La MFWA n’a pas réussi à recueillir le point de vue de la police sur l’affaire, à part une confirmation de l’officier chargé de l’affaire, le sergent Derrick Debrah, que Dameh fait l’objet d’une enquête pour diffusion de fausses informations. Le sergent Debrah, nous a renvoyés vers le responsable de la police judiciaire régionale, le surintendant en chef Kwabena Otuo Acheampong. Ce dernier nous a à son tour diriger vers le commandant régional de la police, DCOP M. Daniel Kwame Afriyie, qui a déclaré qu’il n’avait pas encore été informé de tous les faits, ajoutant qu’il s’efforçait de rencontrer Dameh en personne pour discuter de l’affaire.

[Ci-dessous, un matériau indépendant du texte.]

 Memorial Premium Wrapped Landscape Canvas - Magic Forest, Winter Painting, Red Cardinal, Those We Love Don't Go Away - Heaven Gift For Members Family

Le calvaire de Dameh s’inscrit dans une tendance récente de persécution de journalistes et de militants par la police pour diffusion de fausses informations, les dossiers étant souvent abandonnés à la longue. Le 1er novembre 2021, la police a arrêté et placé en détention un animateur radio, Paa Kwesi Simpson, accusé de publier de fausses informations. L’arrestation fait suite à une fausse déclaration d’enlèvement faite par un auditeur qui a appelé l’émission de Simpson.

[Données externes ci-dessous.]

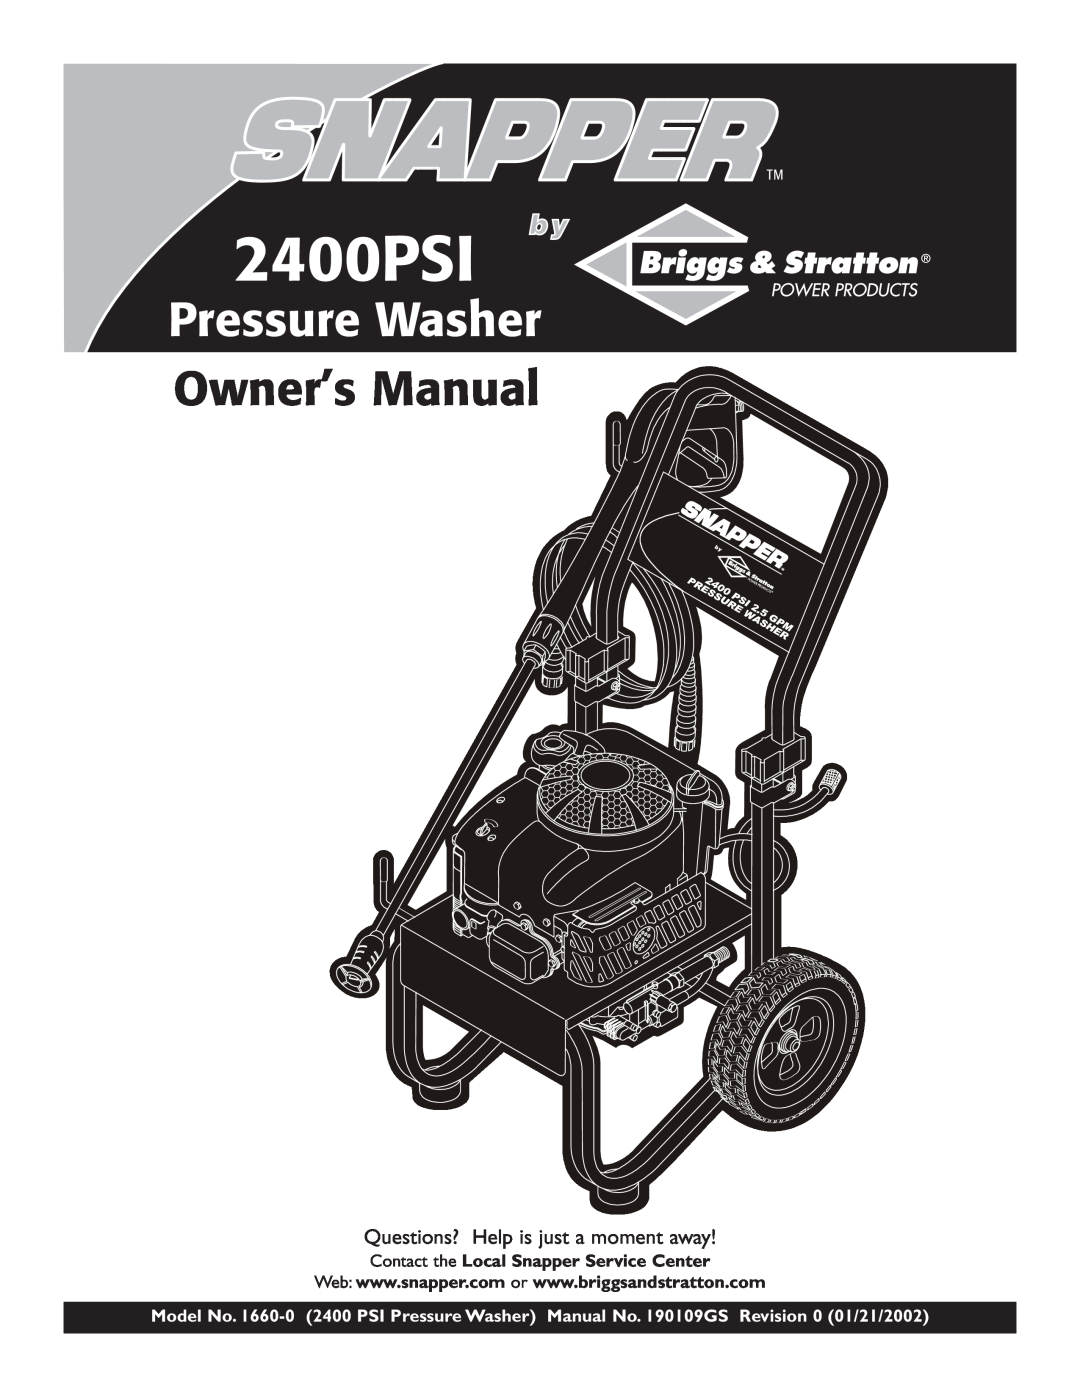 Snapper 1660-0 owner manual Questions? Help is just a moment away, Contact the Local Snapper Service Center, 2400PSI

Le 10 février, la police a détenu Kwabena Bobbie Ansah un commentateur d’Accra FM pour « publication de fausses informations et conduite offensive. » Les accusations portent sur une vidéo que le journaliste a publiée sur les réseaux sociaux, affirmant que l’épouse du président Nana Akufo-Addo avait obtenu illégalement une parcelle de terrain appartenant à l’État.
Le 9 février, le directeur exécutif d’une organisation de lutte contre la corruption, Alliance of Social Equity and Public Accountability (ASEPA), a été arrêté par la police. Il avait publié, avant de se rétracter, des allégations selon lesquelles des membres de la famille présidentielle s’étaient rendus au Royaume-Uni à bord du jet présidentiel pour faire du shopping.
La MFWA exhorte la police de Tema à arrêter de persécuter Dameh pour un post Facebook qui est sans nul doute d’intérêt public. Si la police tient à mettre en doute la véracité du post du journaliste, nous attendons d’elle qu’elle réponde publiquement au post et qu’elle nie les allégations ou qu’elle explique les circonstances entourant l’hospitalisation d’Anim et pourquoi il était menotté à un lit. Nous déplorons le fait que Dameh ait été détenu et soumis à une enquête criminelle dans une juridiction où la diffamation n’est pas une infraction pénale. De telles actions créent inutilement le mécontentement du public envers la police et ternissent l’image du Ghana en matière de liberté de la presse.